* **TASK PROMPT**:
Copy, word for word, the opening line of the data and each line after it until the line that contains "Federal Fed Prm", which is included. Leave the pictures out.

* **INFORMATION SUPPLIED**:
_____

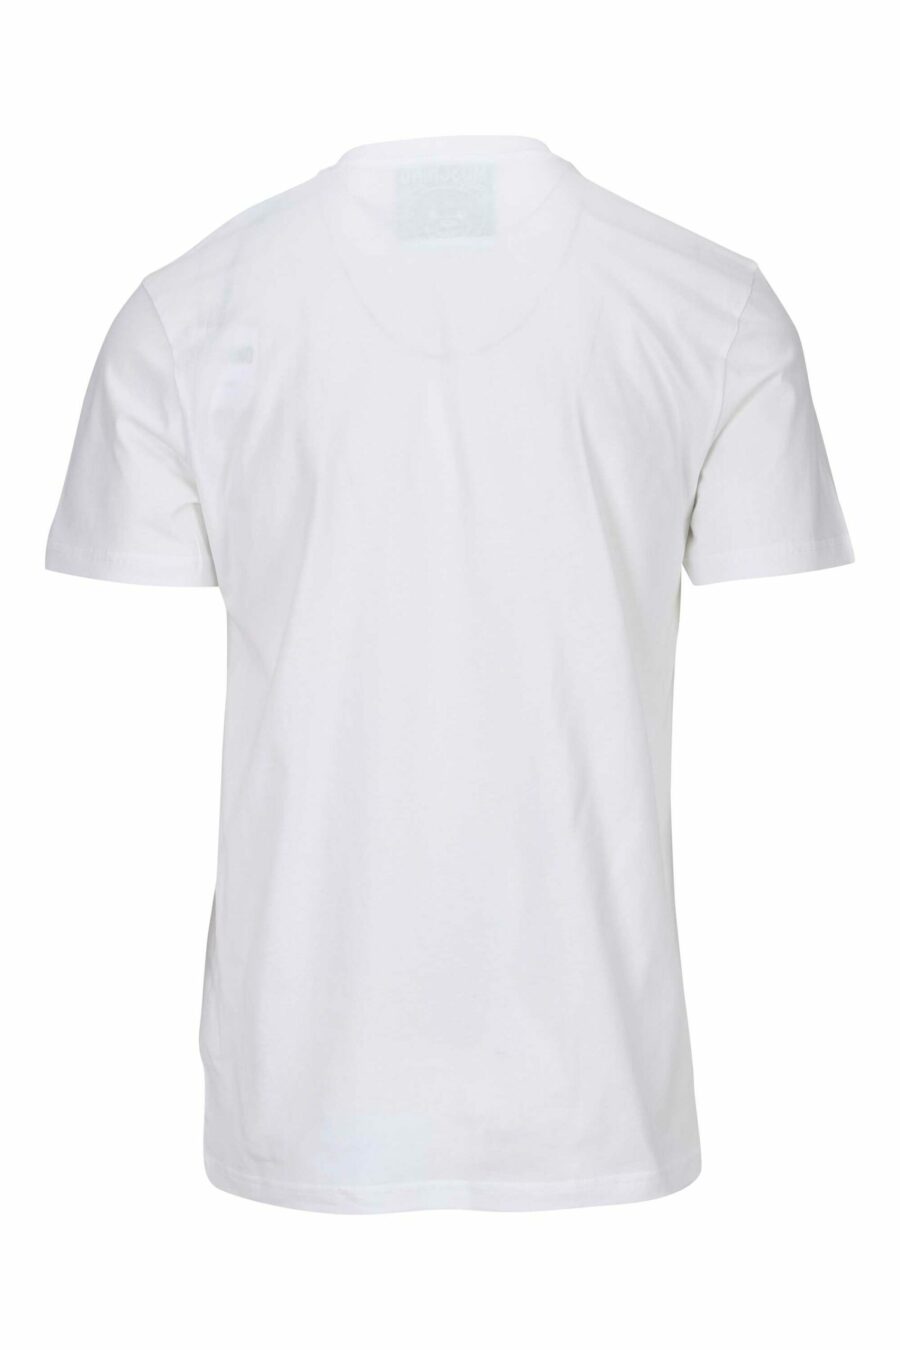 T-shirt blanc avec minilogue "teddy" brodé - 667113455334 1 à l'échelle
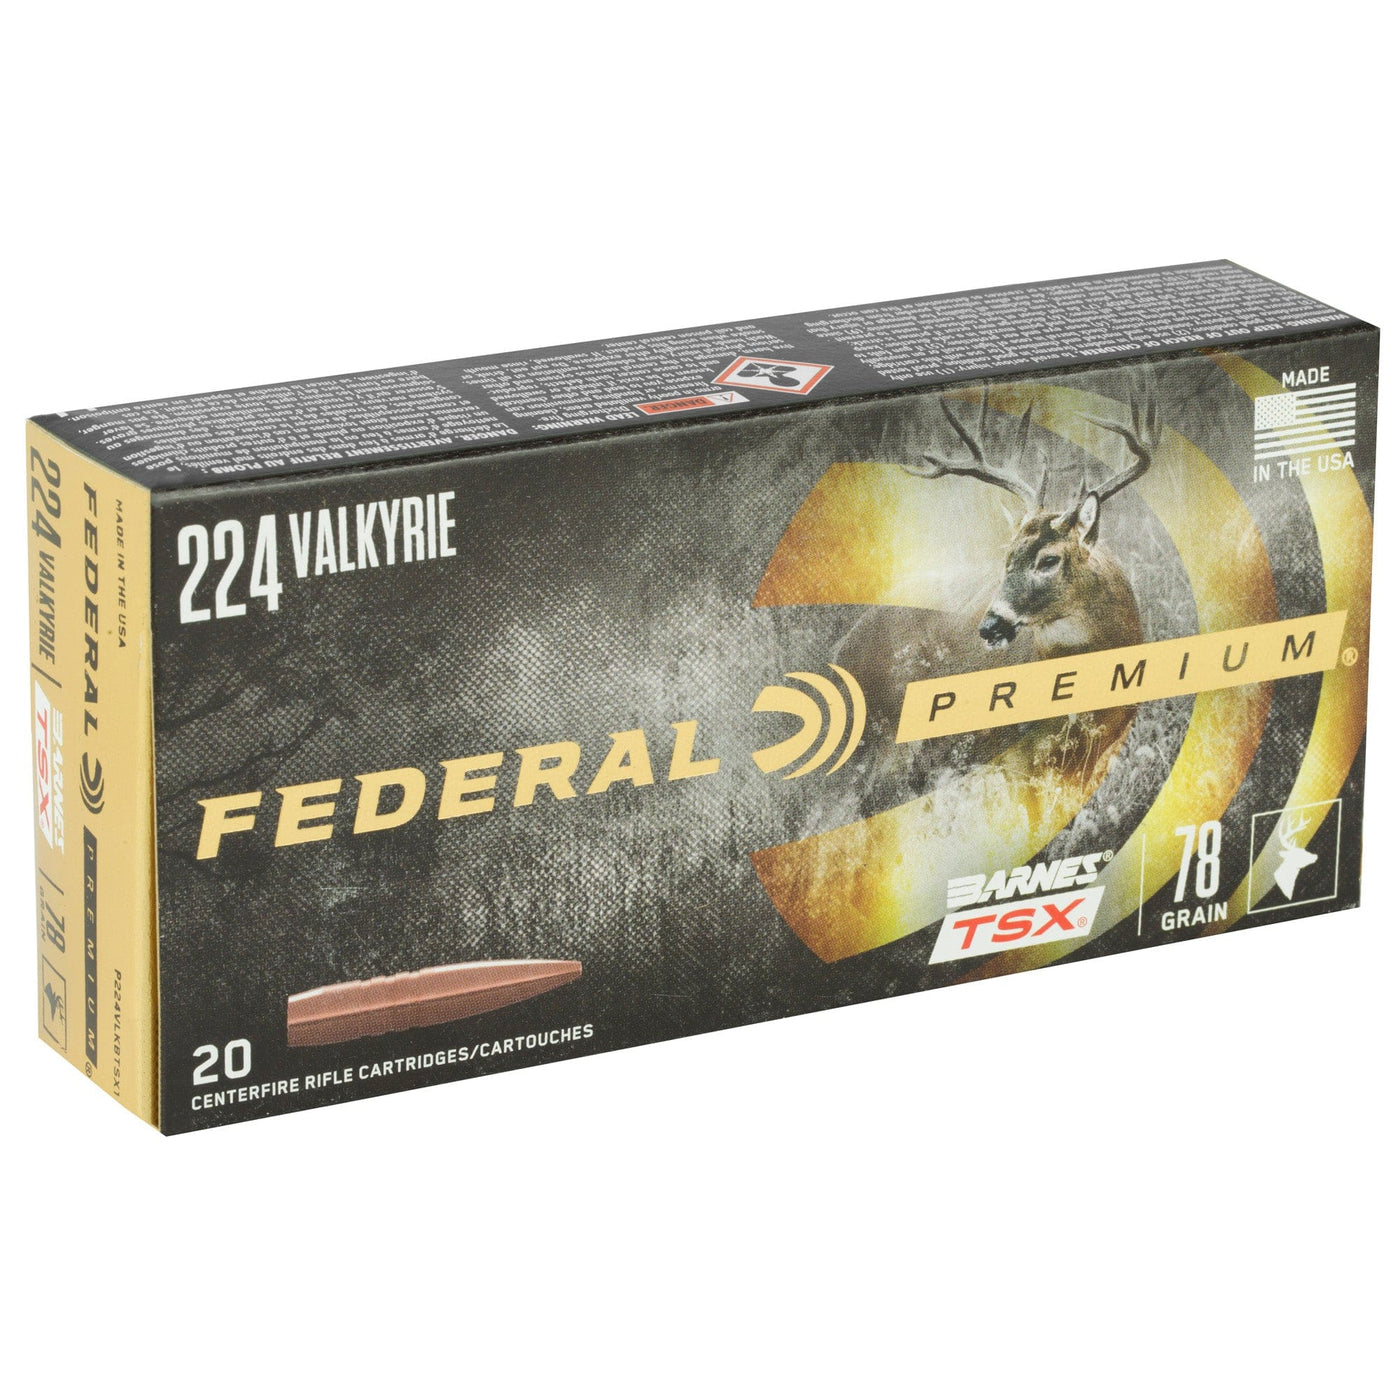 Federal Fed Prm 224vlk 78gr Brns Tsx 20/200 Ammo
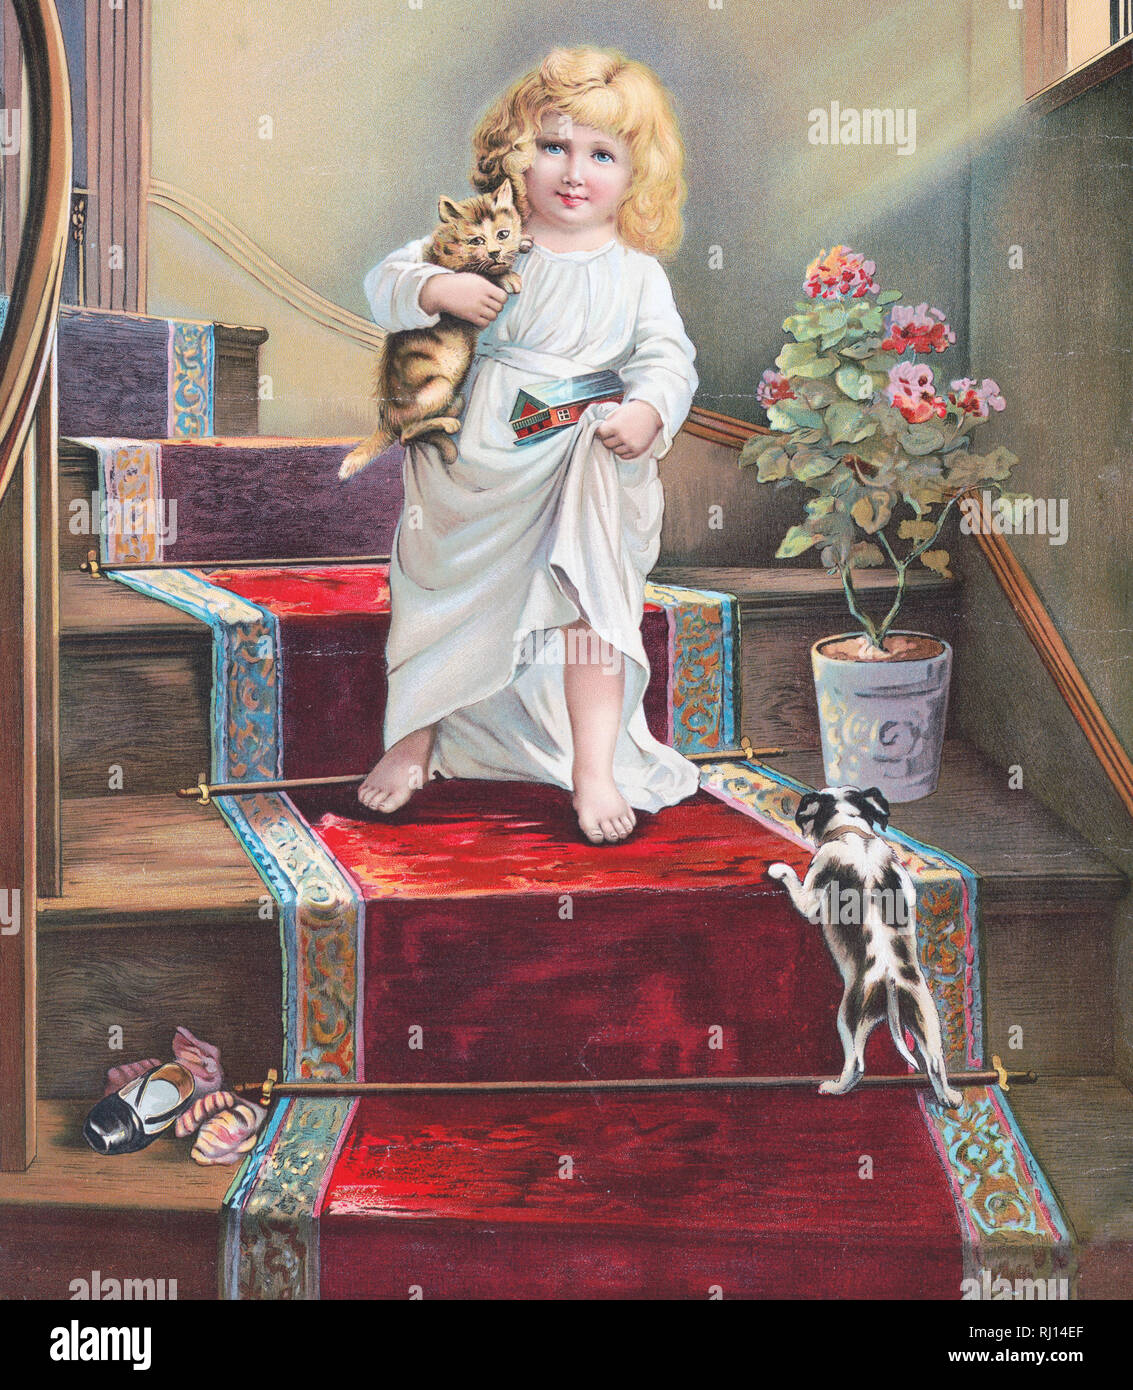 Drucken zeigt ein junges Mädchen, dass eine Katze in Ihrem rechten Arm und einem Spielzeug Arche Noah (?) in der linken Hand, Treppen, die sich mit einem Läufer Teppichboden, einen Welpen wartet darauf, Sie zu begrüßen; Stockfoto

_____

* **EXERCISE RESULT**:
 T-shirt blanc avec minilogue "teddy" brodé - 667113455334 1 à l'échelle
 Federal Fed Prm 224vlk 78gr Brns Tsx 20/200 Ammo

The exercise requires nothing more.